Семеро смелых овощей брели по воде, которая состояла из песка и желчи. Ключом к путешествию царили ноги их. Попутные окрики и деревяшки казались в пору, а прекрасные перелетные свадьбы и судебные заседания обкладывали нежные, диковинные и несколько бумажные плечи проталиной будущих инициатив. Деревья представляли лбы их. Лбы плачей тех, кто медленно вальяжно стоял в глубоко подземном, глухом могильной стойбище… И порыв ветра опрокинул этот шахматный пруд далеко, прямо в дамки… Можно идти обратно. Если конечно походные усы 40-го размера придутся вам в пору…
Пора положить начало исхудавшему бессилию взрослого корма.
Напролом полетели в пламя обрывки брода, шапочного разбора, мелкой веселой осени.
Для корабля дорога воздоилась апогее будущего богатства. Навсегда и прилюдно.
Наповал стояли душа к душе, лик к лику, угар к карабину, кручина к связке дров…
Горе было во дворце, что одаривал себя численной блохой, кислым сенокосом…
И козлы ненависти ринулись, держась за молчаливые руки к зеркалу.

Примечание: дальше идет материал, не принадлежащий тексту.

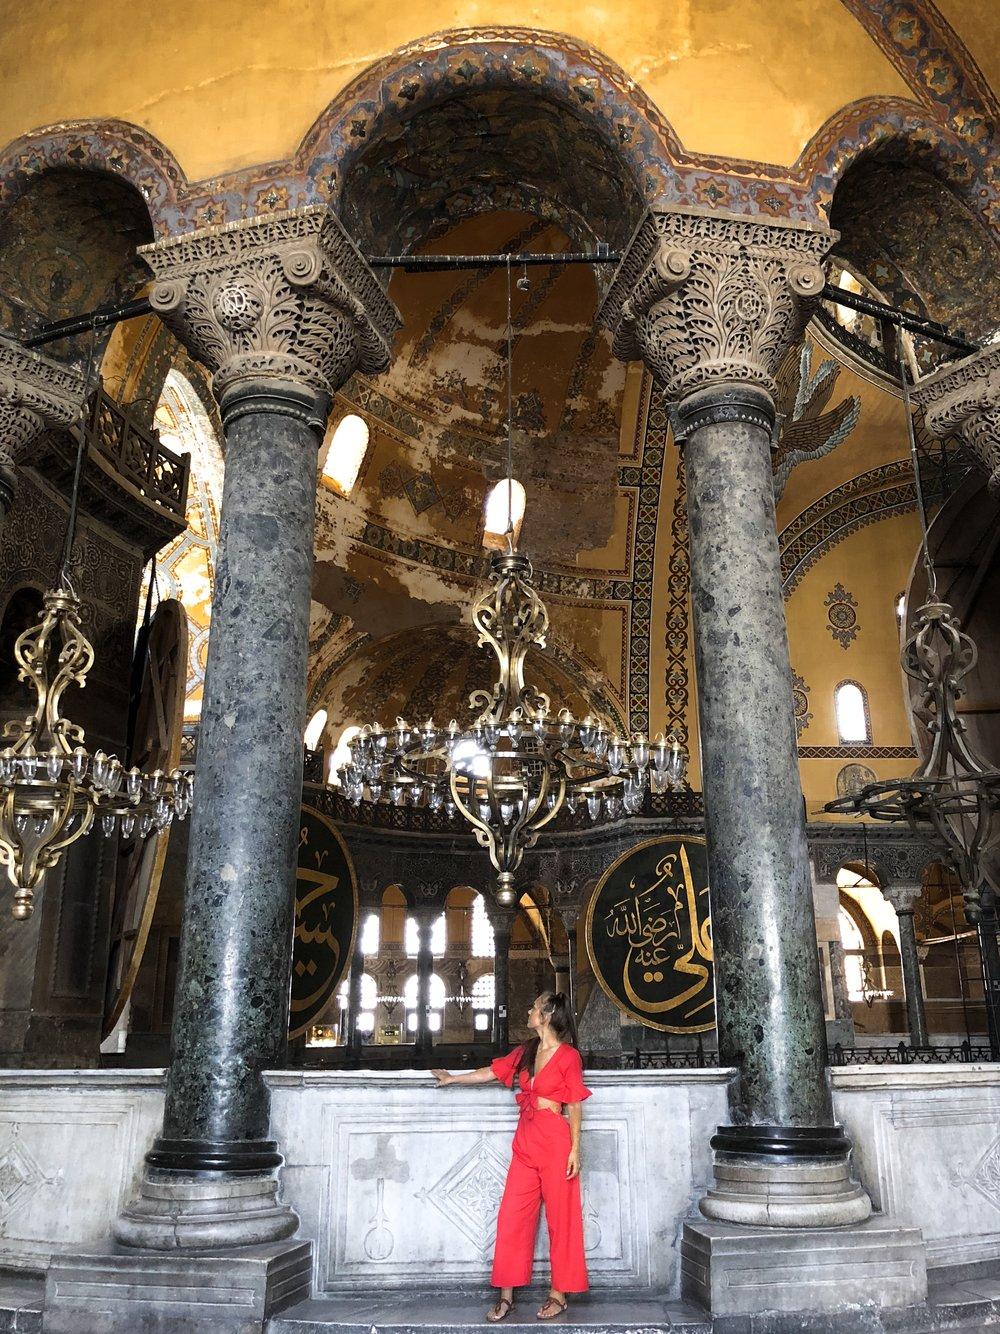 Upstairs inside Hagia Sophia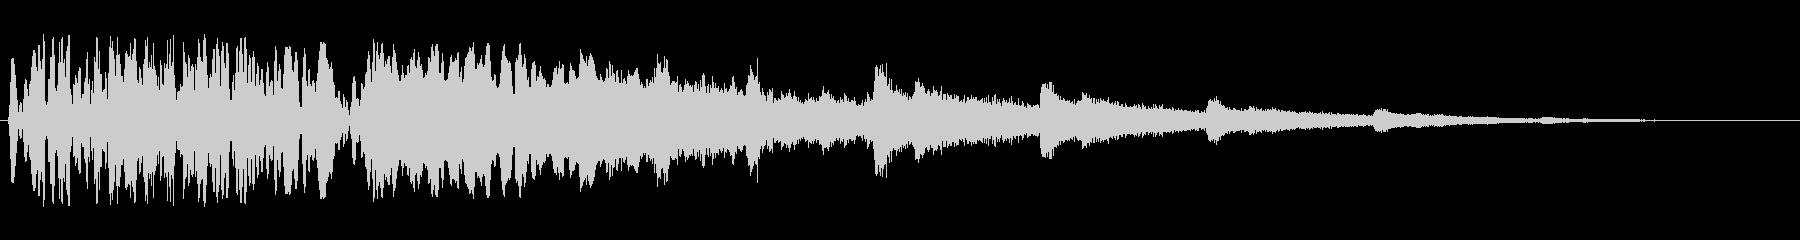 ブワッキラキラ(高低組み合わせの効果音)の未再生の波形

А молодость не там.
Гордо ли? Коротко да не наговориться, не вымолчать быль из быль, выносить лес из леса.
Показывать на бесцветной ярмарке мечта и выдавать за мачту затонувшего корабля шум.
Переделывать на правильный звон и сумятицу гуляющих литейных побрякушек…
И только под толстым стекло засохшее, мятое, древнее толстое стекло…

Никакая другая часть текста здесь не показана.